# Rope climbing questions



## Garden Of Eden (Aug 24, 2009)

So, as I'm climbing more and more, I'm feeling lots more comfortable trying new things. I'm curious though if the way I'm doing this is safe.

Right now, I climb like so: I tie a clove hitch to my carabiner, clipped to my harness. The tail, goes to a Blake's hitch, with a figure 8 at the end of the line. Above my Blake's I have a prussic loop loose(kinda open) so it slides with my Blake's. It does grab if I load it real quick, I always test it before I'm in the tree. My prussic loop is attached to my harness also, different Carabiner, different D of the harness.

Does this seem safe?
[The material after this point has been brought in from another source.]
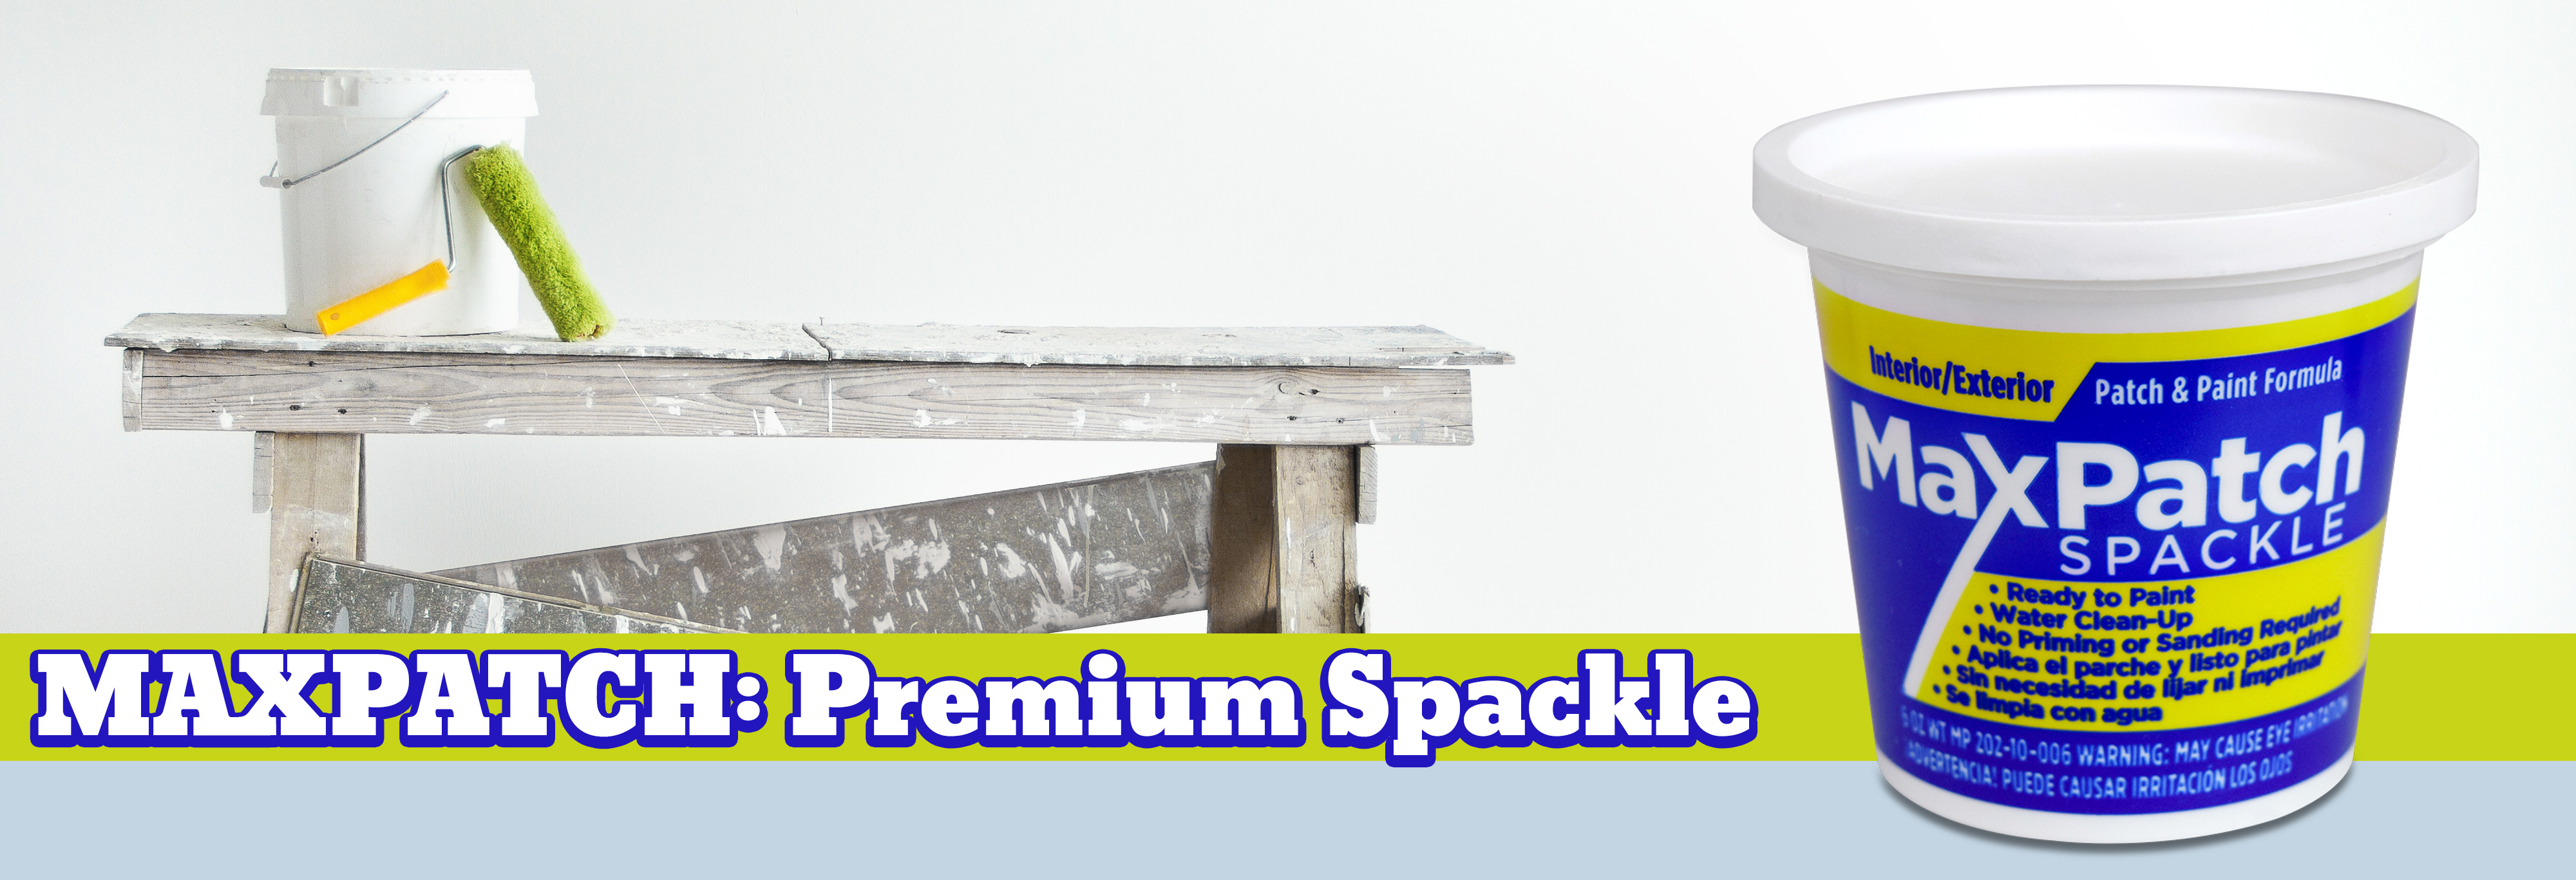 PureSky Products MaxPatch Premium Spackle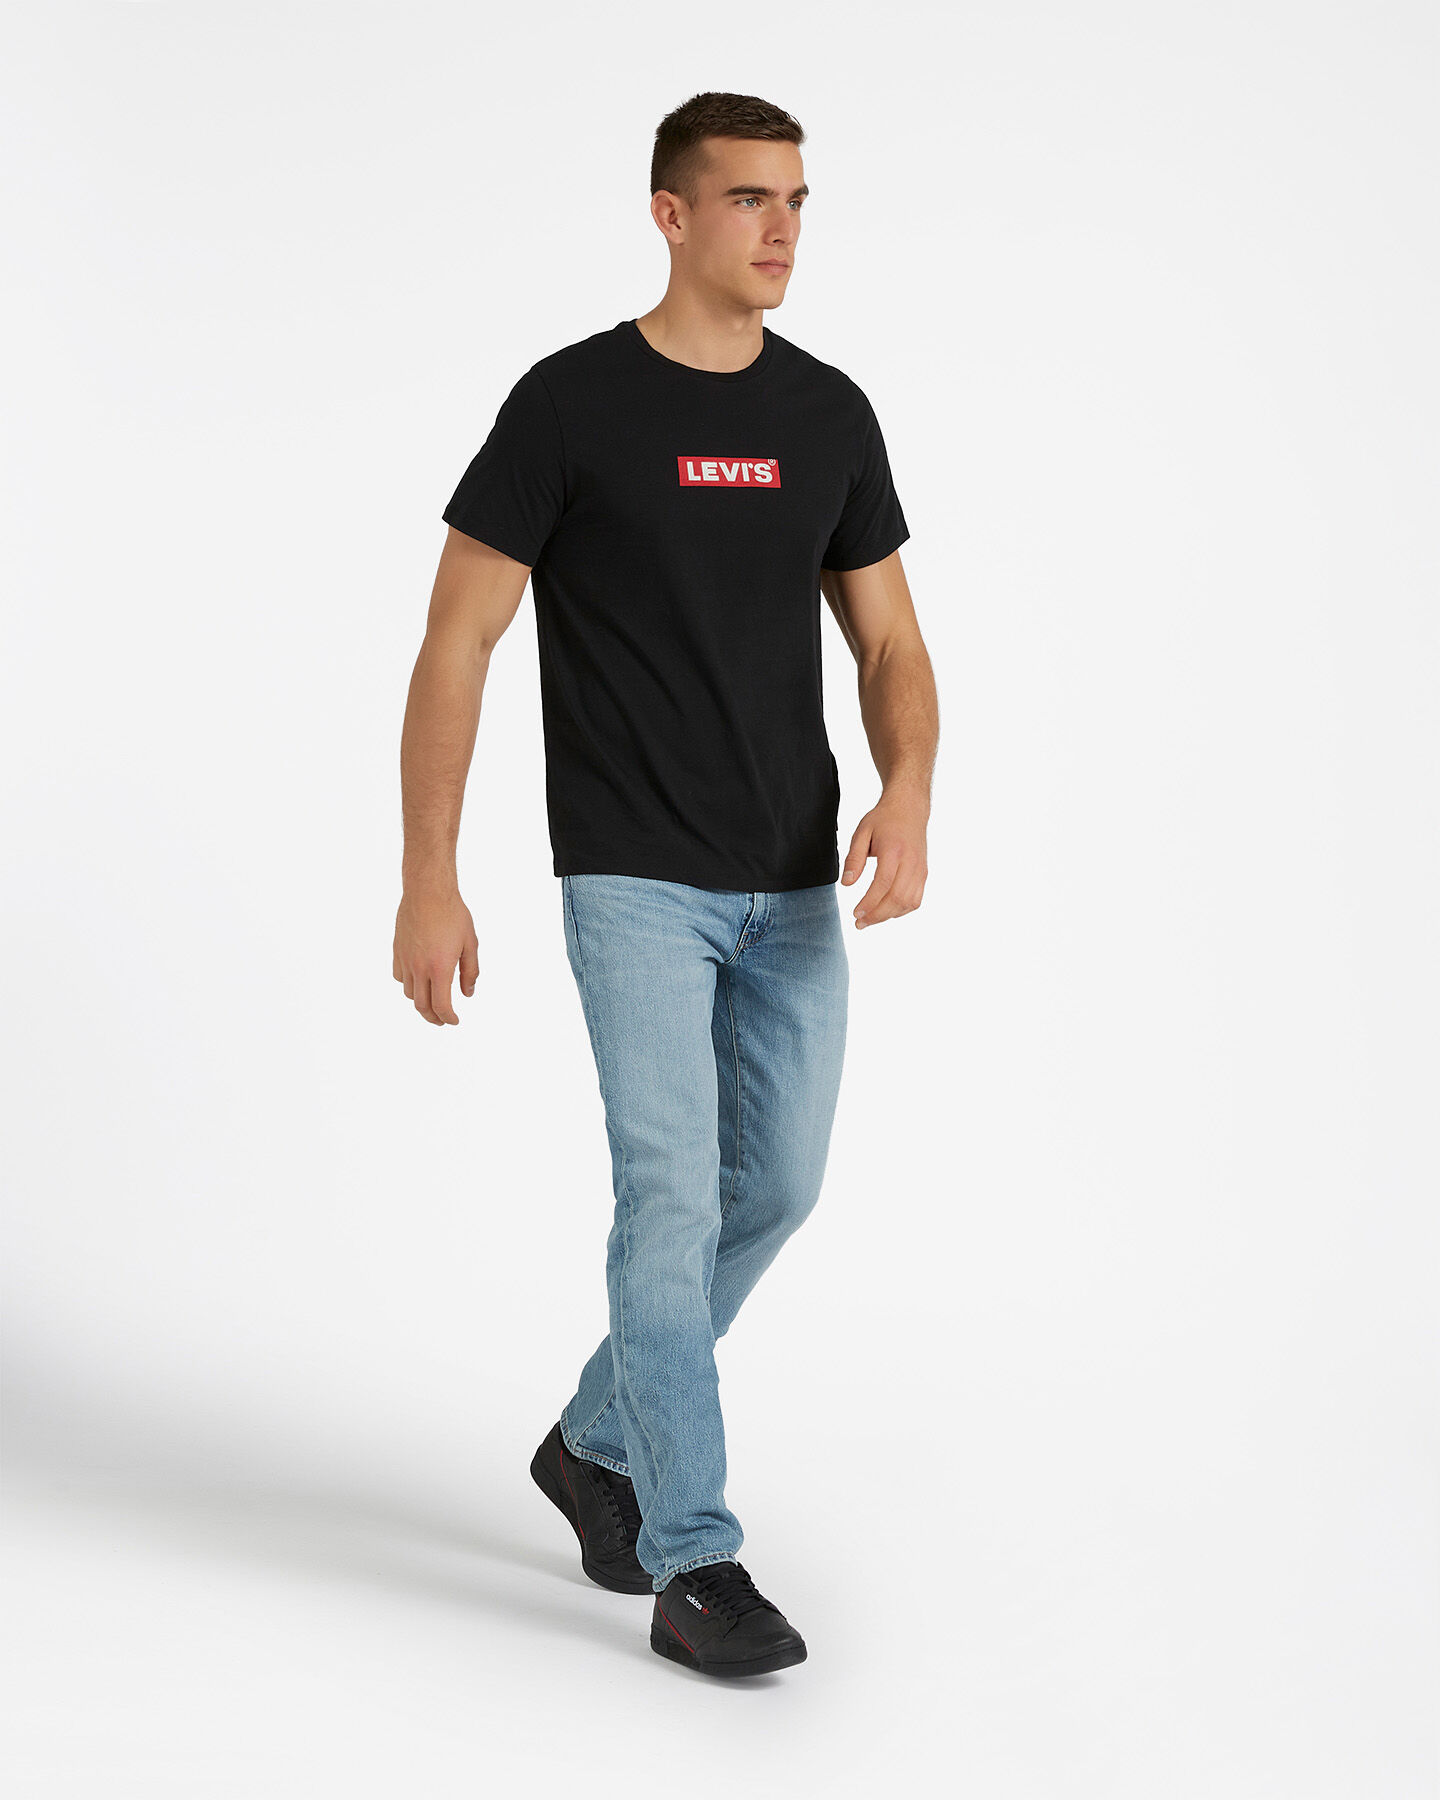  T-Shirt LEVI'S BOXTAB GRAPHIC M S4076920|002|XS scatto 3

When I get into the tree I tie in again, so I'm tied twice.

Thanks everyone,

Jeff


----------



## lego1970 (Aug 24, 2009)

As long as the two friction hitches don't bump into each other and cause each other to loose the ability to cinch up on the rope then I guess it's safe. Personally I would ditch the pursik knot. It takes awhile to learn to trust the Blake knot or any one friction knot but in the long run it make your climbing smoother and if you have to get out of the tree quickly it will be easier to deal with one hitch. Likewise with the double tie in. Sometimes I double tie in when trying to walk out on a limb or just plain don't trust something, but you should be able to safely do most tree work with a single tie in. Use your lanyard as much as possible until you learn to trust your rope and hitch. Keep in mind that I've had the back end of full size p/u trucks lift off the ground when pulling a tree over useing OLD climbing lines, so that I ought tell you how strong those climbing lines are. Good luck and hopefull somebody else will chime in about the dual hitches with better info.


----------



## moss (Aug 24, 2009)

Garden Of Eden said:


> Does this seem safe? When I get into the tree I tie in again, so I'm tied twice.
> 
> Thanks everyone,
> 
> Jeff



I think it's overkill, a correctly tied and set Blake's is very safe as is without backup. I would be concerned that the hitch above the Blake's might accidentally pull the Blake's down if you snagged the prusik tether on something. Low percentage possibility but it's useful to be aware that sometimes trying to be more safe can create additional hazards. Simplicity with proven technique is a good path to follow.
-moss


----------



## Garden Of Eden (Aug 24, 2009)

K. I see what you're saying now about them banging into each other. I can see that as a problem if it overlaps or something similar at just the right moment. 

Lego, I totally trust the Blake's. It feels so solid. I was just trying to be "overkill." lol I tend to do that over-engineering thing a lot. About limb-walking though. Most of the time, I lower myself to the limb, rather than "walk" it. Sometimes if it is big enough I will walk, but a lot of times, i just drop to it.

Thanks again.

Jeff


----------



## m.green (Aug 30, 2009)

Garden Of Eden said:


> So, as I'm climbing more and more, I'm feeling lots more comfortable trying new things. I'm curious though if the way I'm doing this is safe.
> 
> Right now, I climb like so: I tie a clove hitch to my carabiner, clipped to my harness. The tail, goes to a Blake's hitch, with a figure 8 at the end of the line. Above my Blake's I have a prussic loop loose(kinda open) so it slides with my Blake's. It does grab if I load it real quick, I always test it before I'm in the tree. My prussic loop is attached to my harness also, different Carabiner, different D of the harness.
> 
> ...



I think your method is fine.


----------



## Nailsbeats (Aug 30, 2009)

You need to ditch the prussic if you want to be efficient. I don't know of a single climber that does what you are describing. One hitch, learn it, use it, trust it.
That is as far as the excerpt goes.